__INSTRUCTIONS TO FOLLOW__: Leave the pictures out. Retype exactly the lines below from the one containing "Le Corbusier pittore" through the one containing "Tennis ITF M25", and no others.

__SOURCE MATERIAL__:

◇ ◇ ◇ ◇ ◇

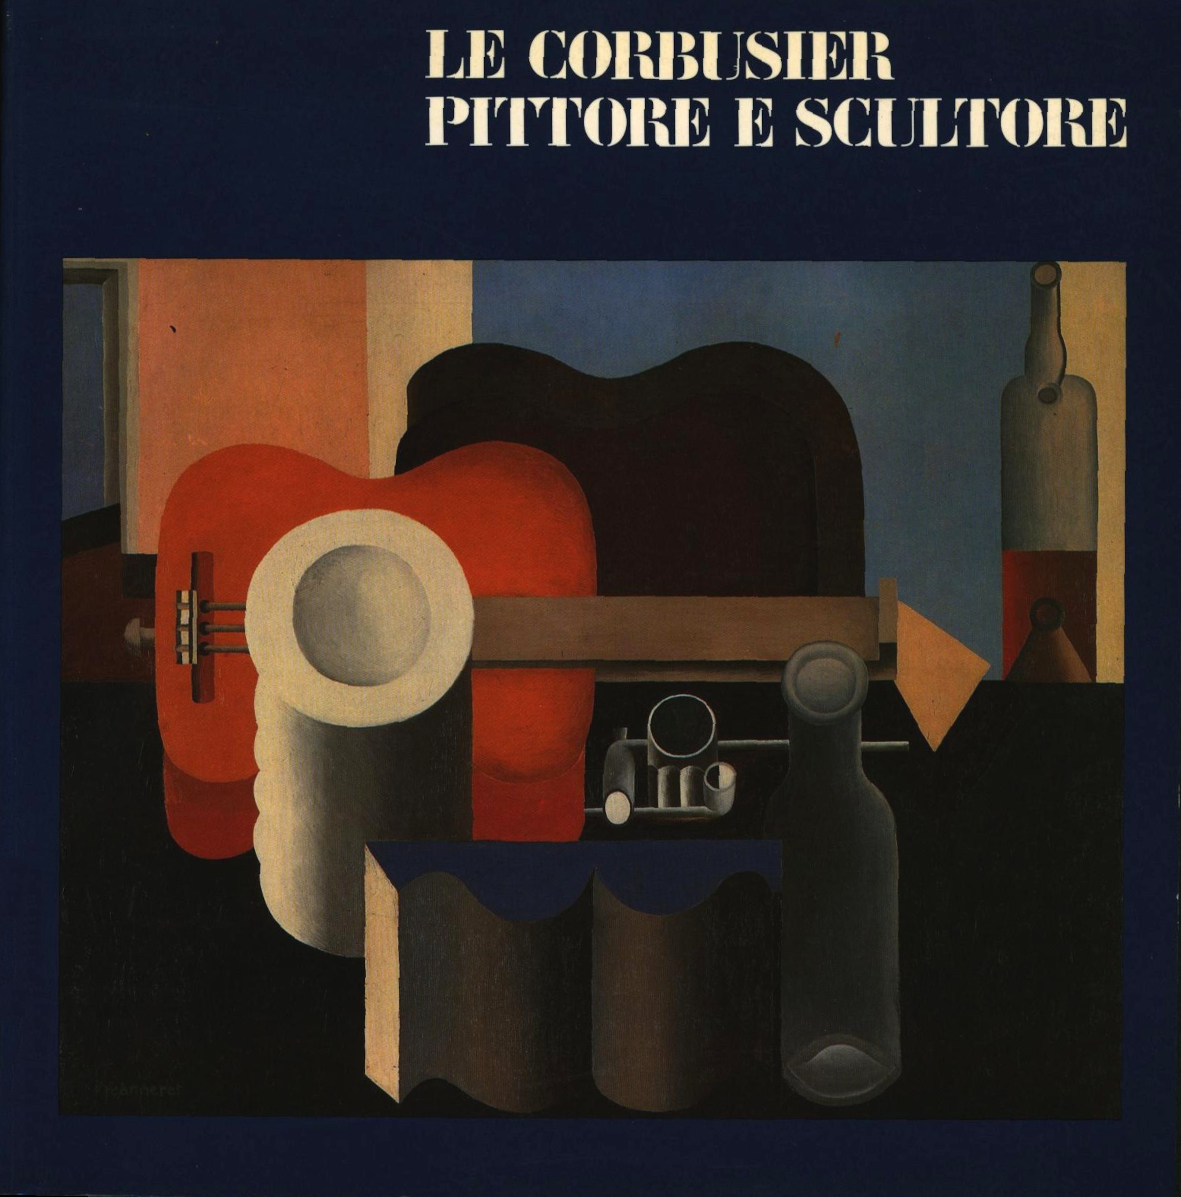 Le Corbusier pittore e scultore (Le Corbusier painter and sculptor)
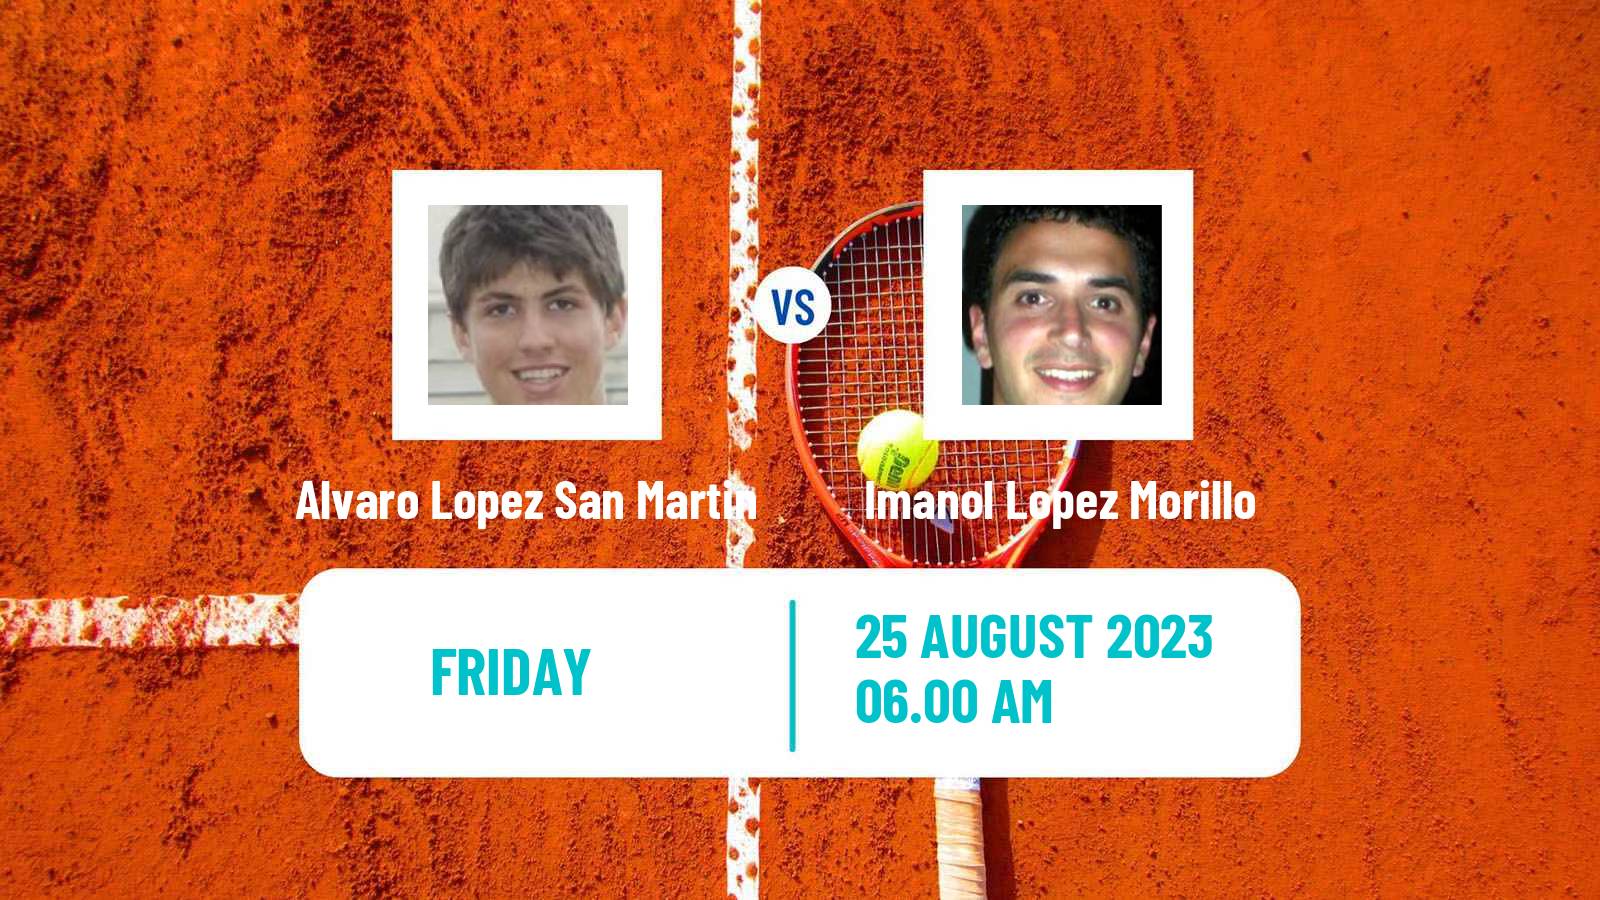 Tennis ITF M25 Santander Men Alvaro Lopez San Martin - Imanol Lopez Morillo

◇ ◇ ◇ ◇ ◇

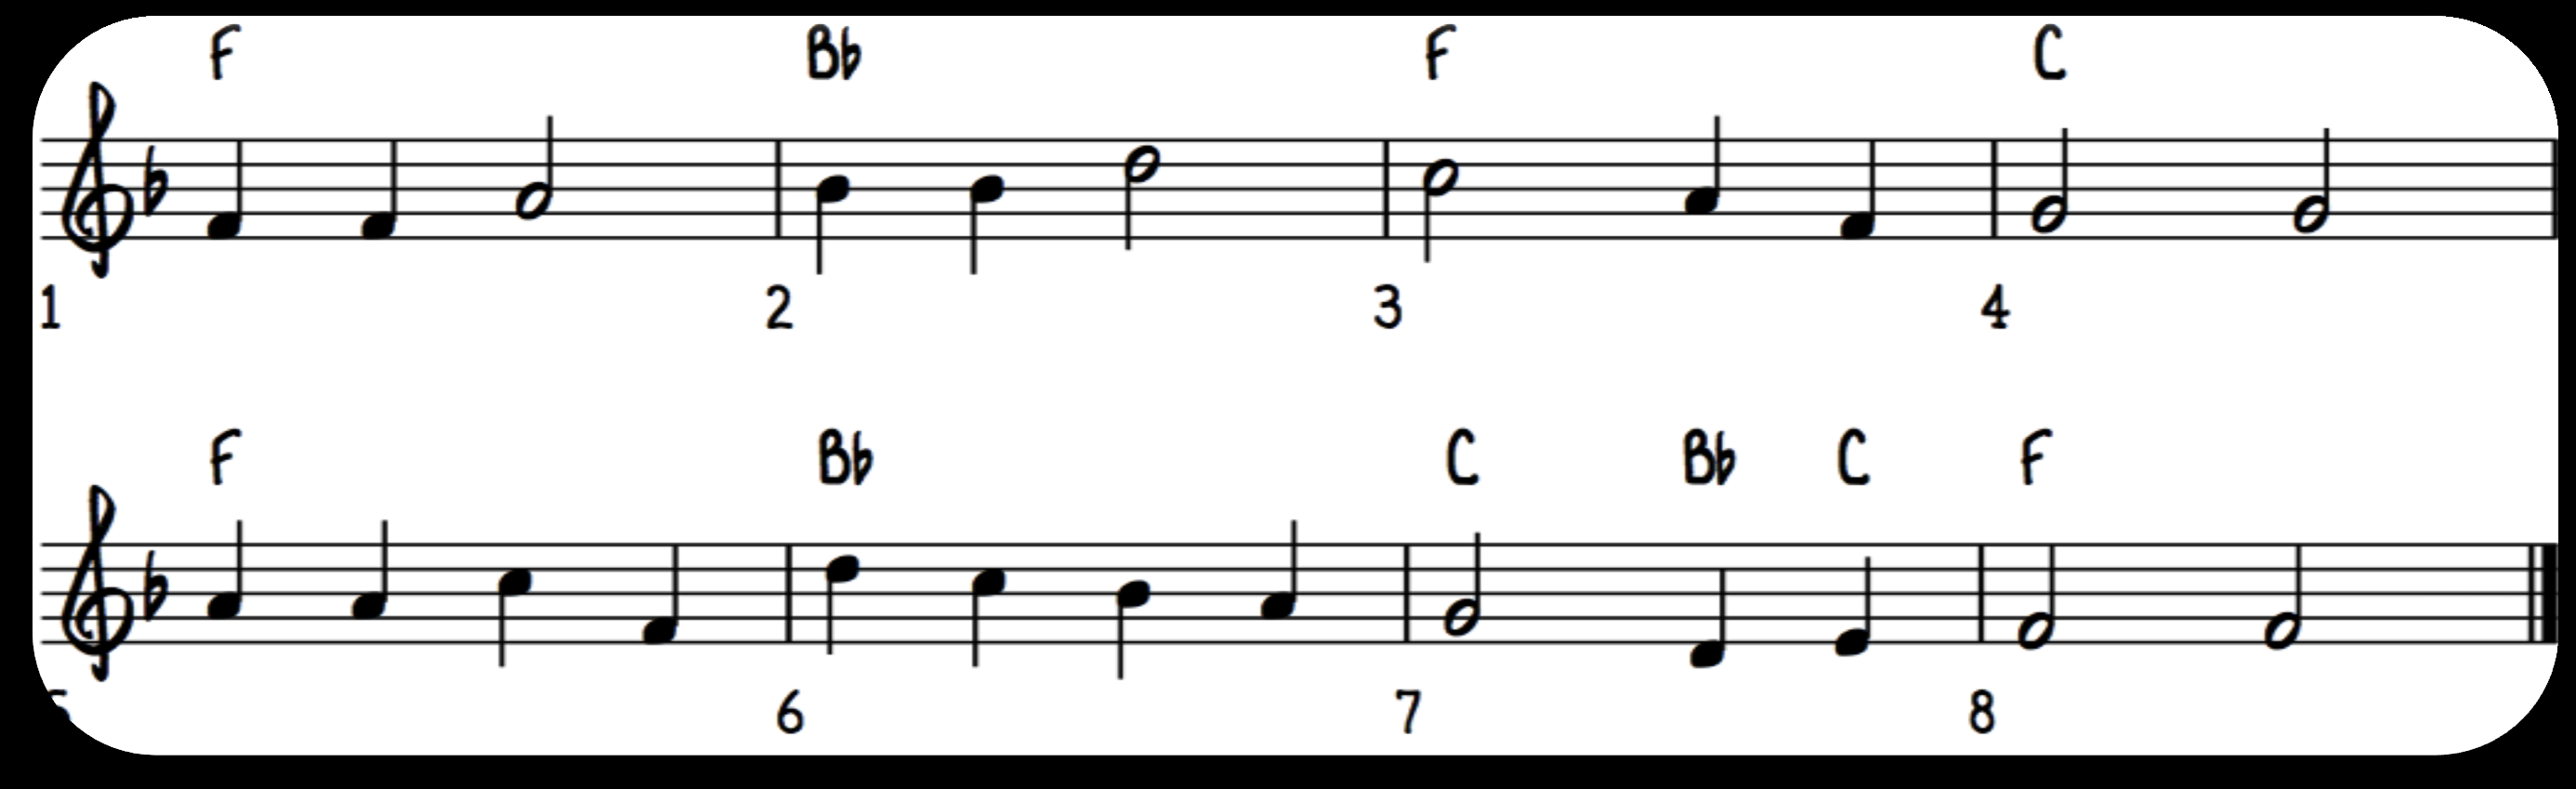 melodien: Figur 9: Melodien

◇ ◇ ◇ ◇ ◇

__SOLVED PROBLEM__:
 Le Corbusier pittore e scultore (Le Corbusier painter and sculptor)
 Tennis ITF M25 Santander Men Alvaro Lopez San Martin - Imanol Lopez Morillo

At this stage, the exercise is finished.